### Problem statement
The answer must be an exact copy of the lines from the one with "Un periódico llamó" through the final line below, with no pictures and nothing else.

### Data block
------------------------------------------------------------------------
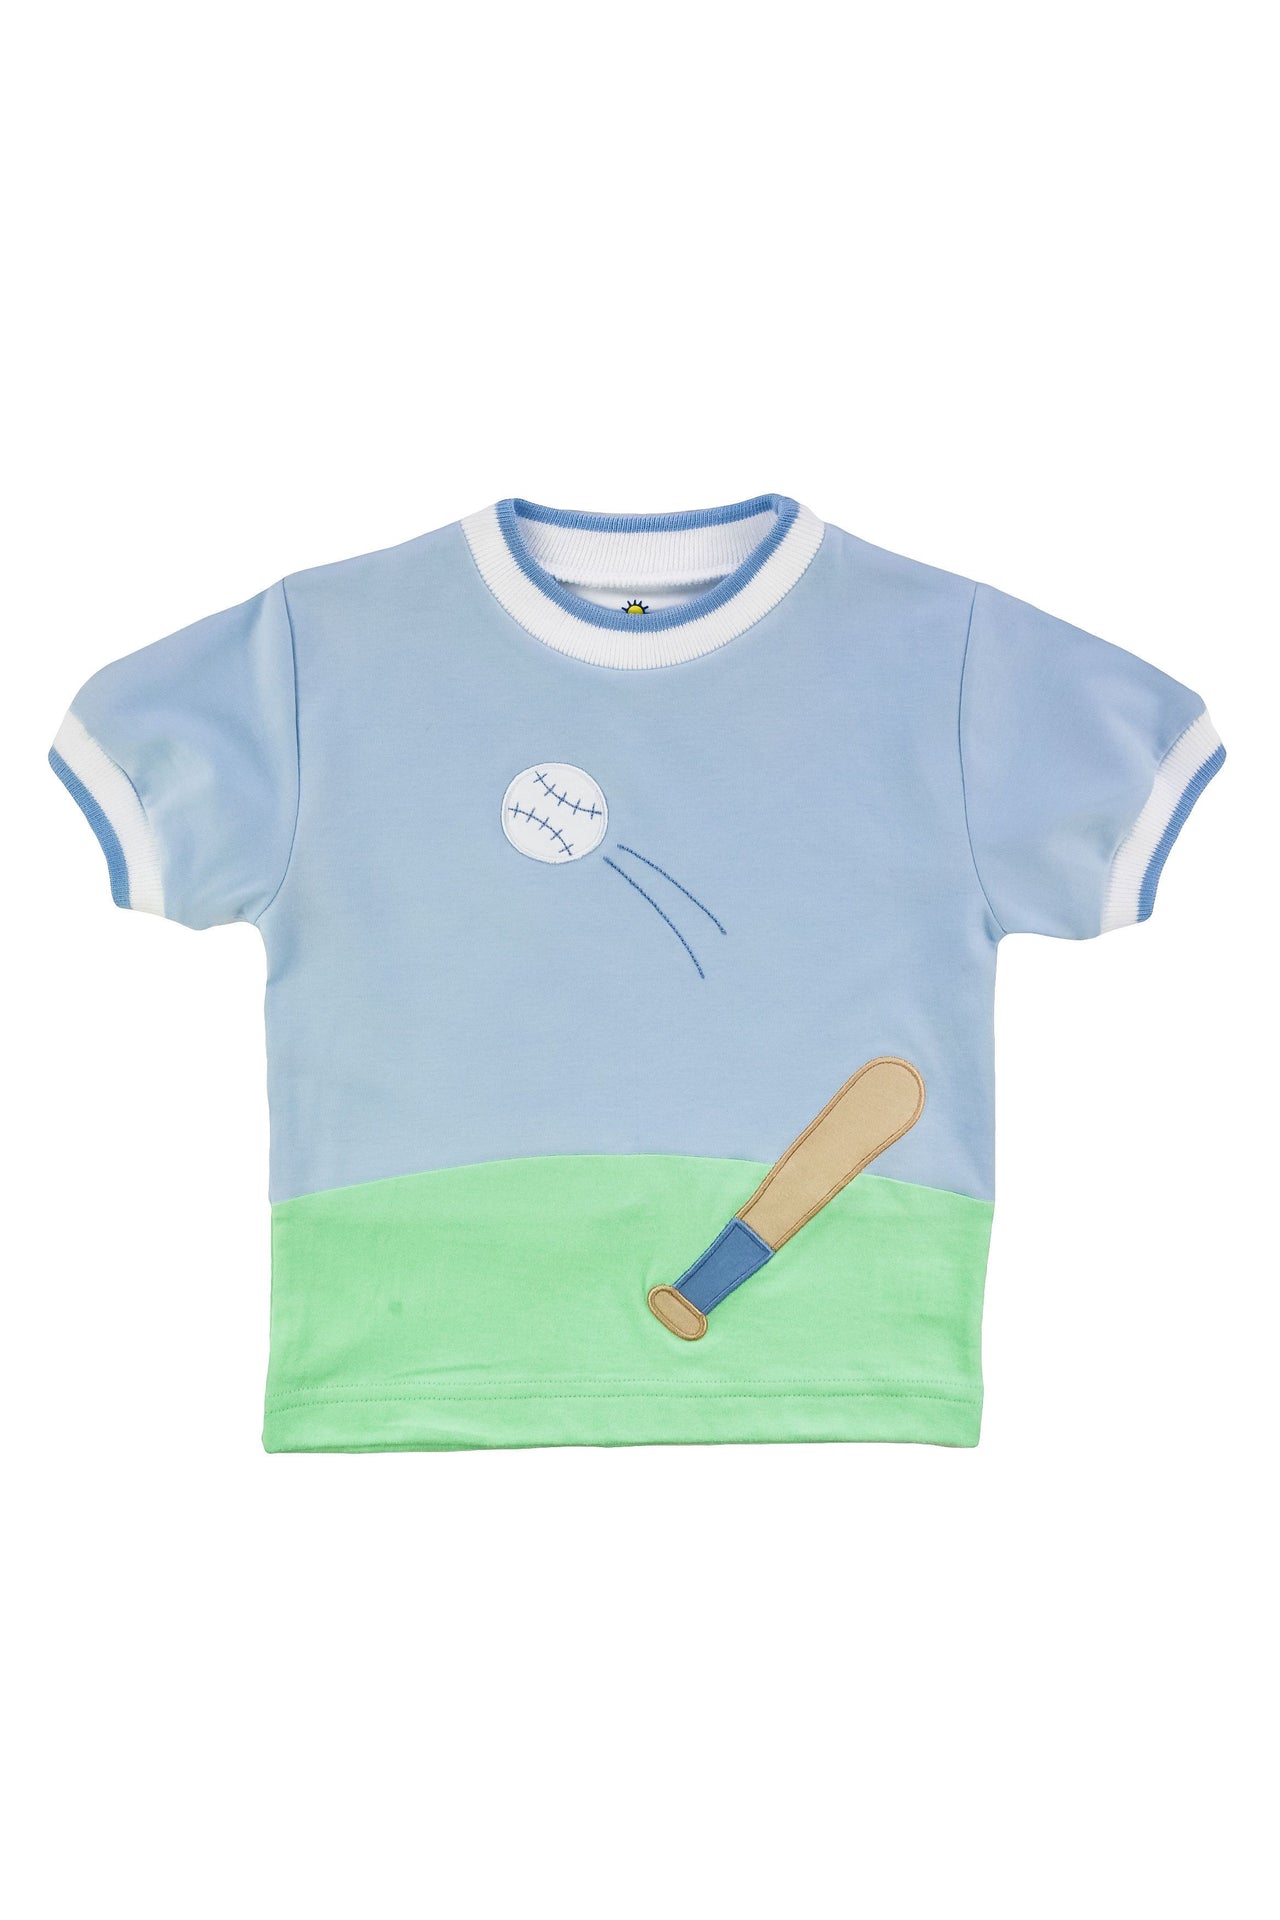 Florence Eiseman Knit Shirt W/Baseball Scene C5234 5011
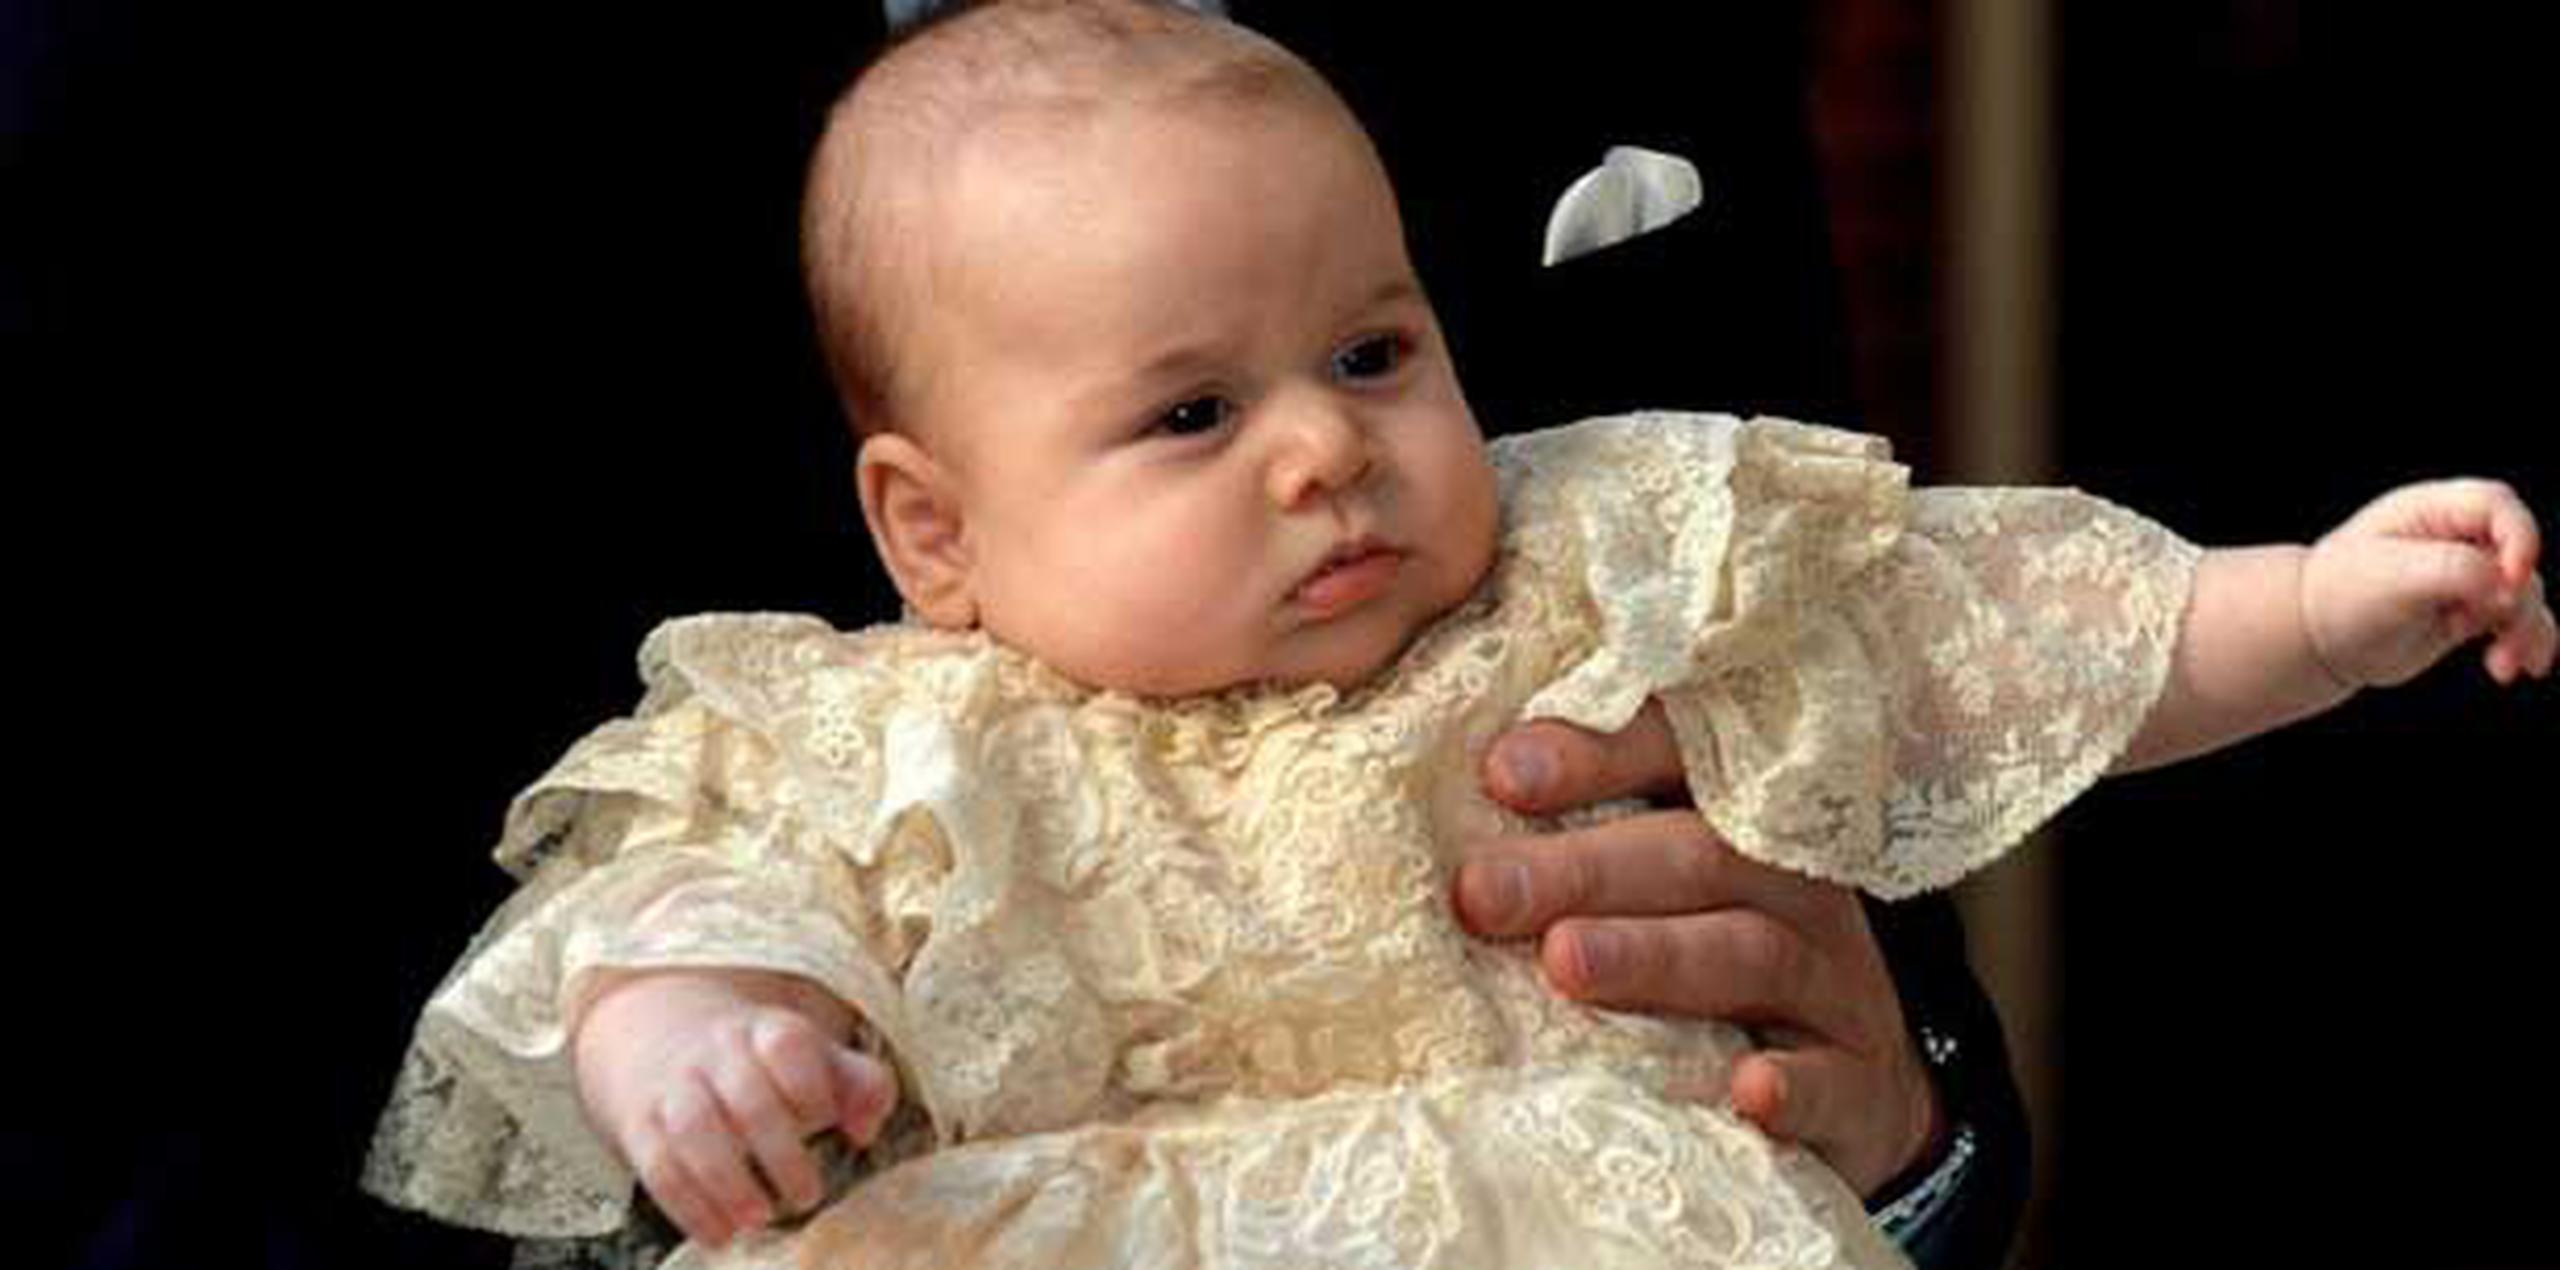 Un periódico llamó a Jorge "el bebé perfecto".  (AFP/Archivo/John Stillwell)
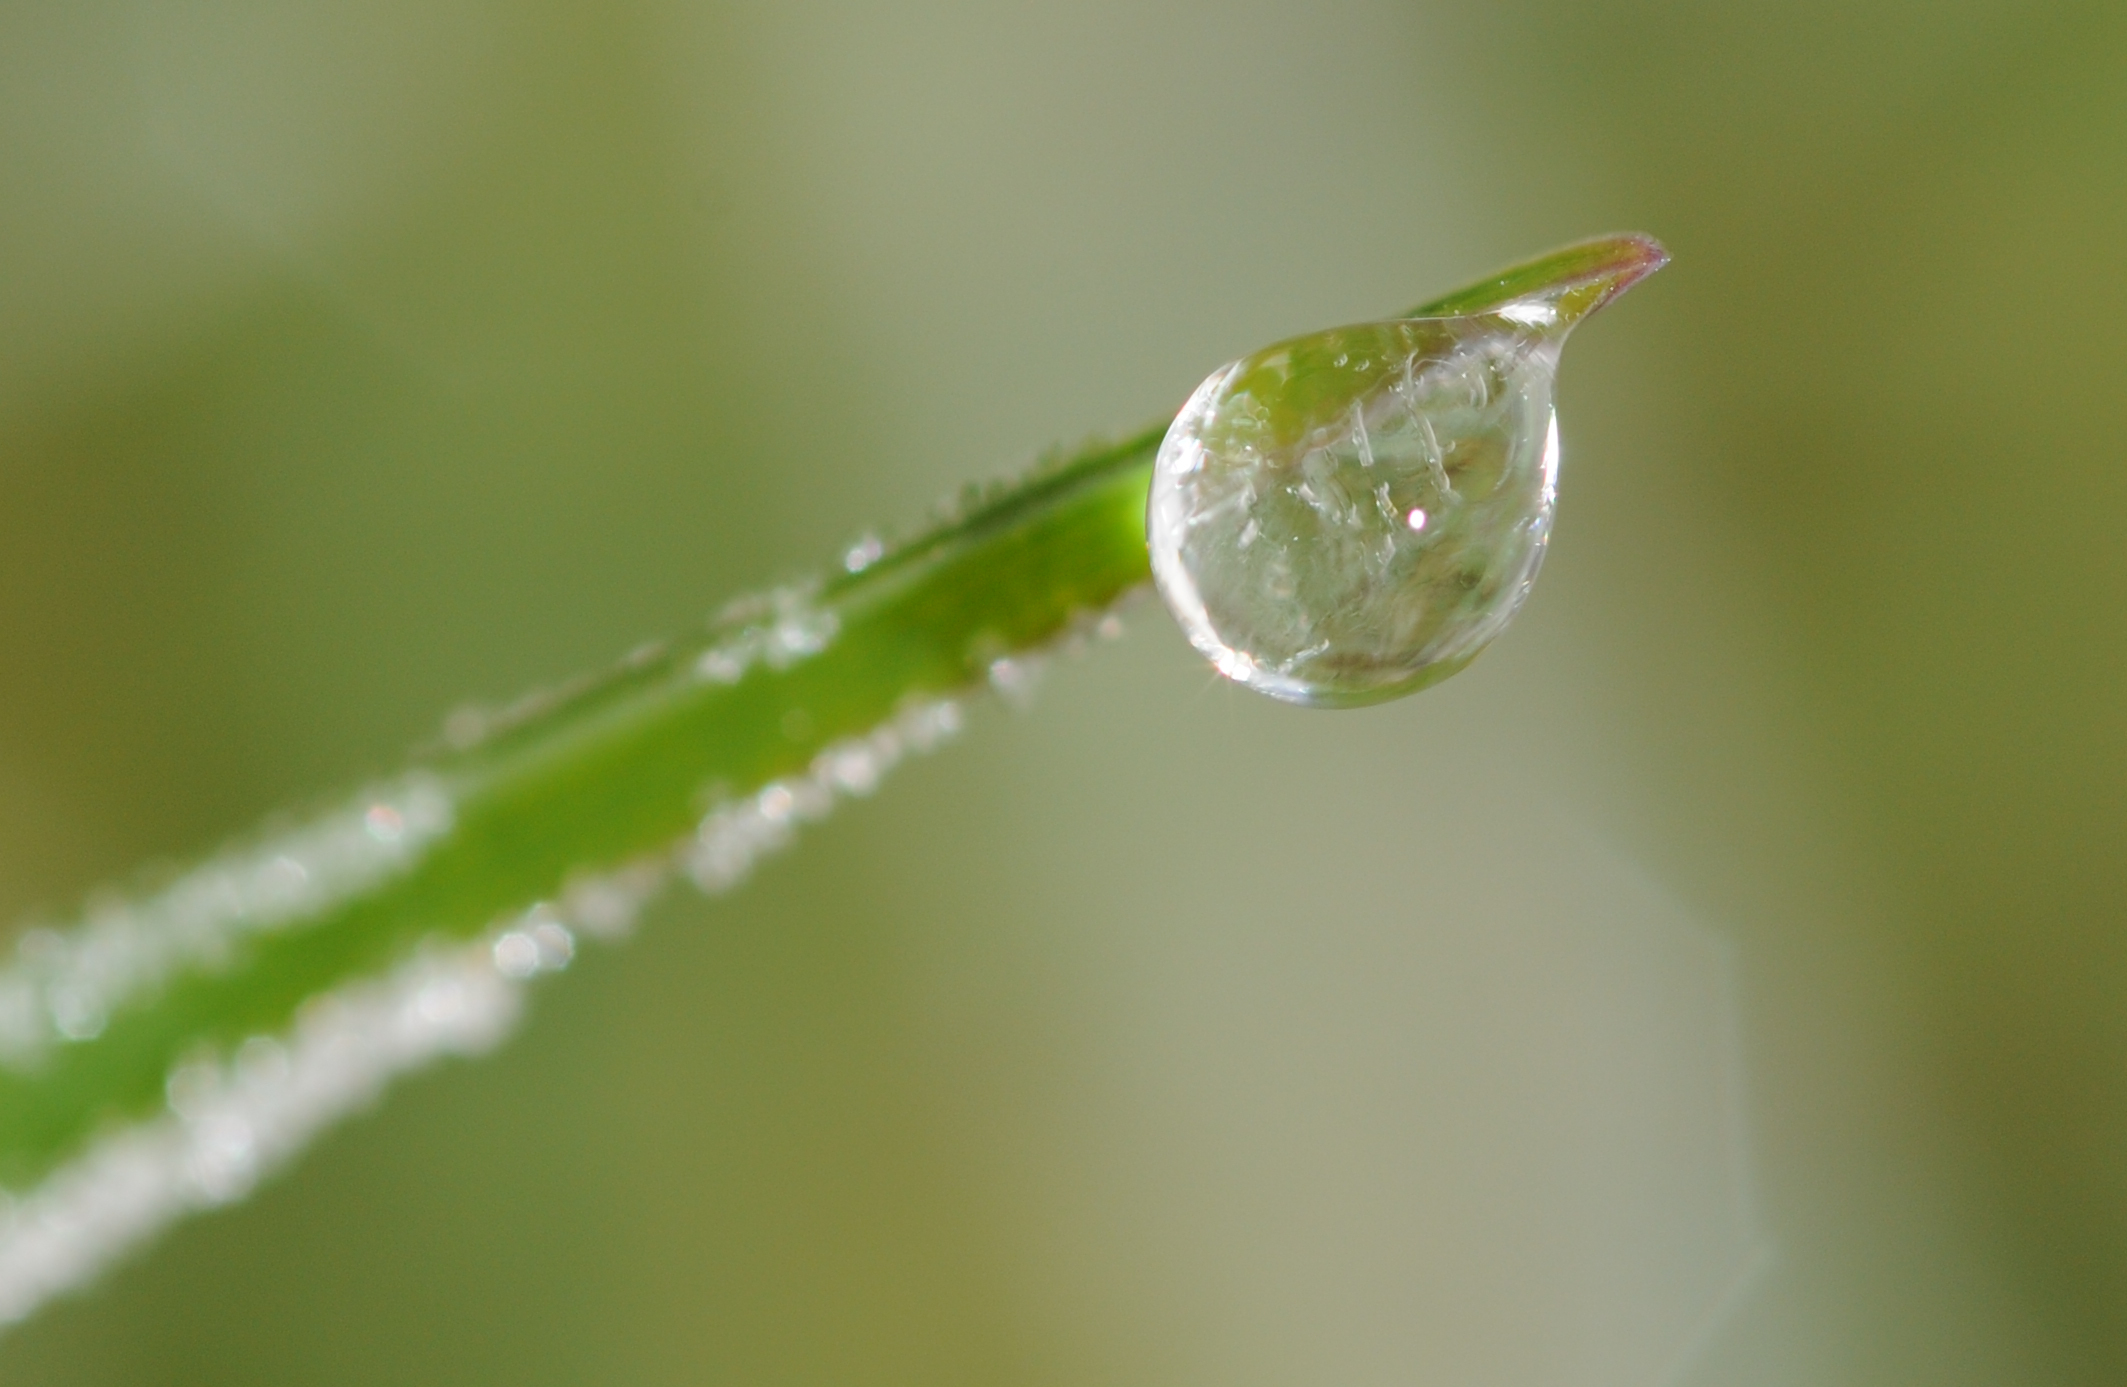 File:ComputerHotline - Iced Dew droplet (by) (1).jpg - Wikimedia Commons
------------------------------------------------------------------------
### Solution to this task
 Un periódico llamó a Jorge "el bebé perfecto".  (AFP/Archivo/John Stillwell)
 File:ComputerHotline - Iced Dew droplet (by) (1).jpg - Wikimedia Commons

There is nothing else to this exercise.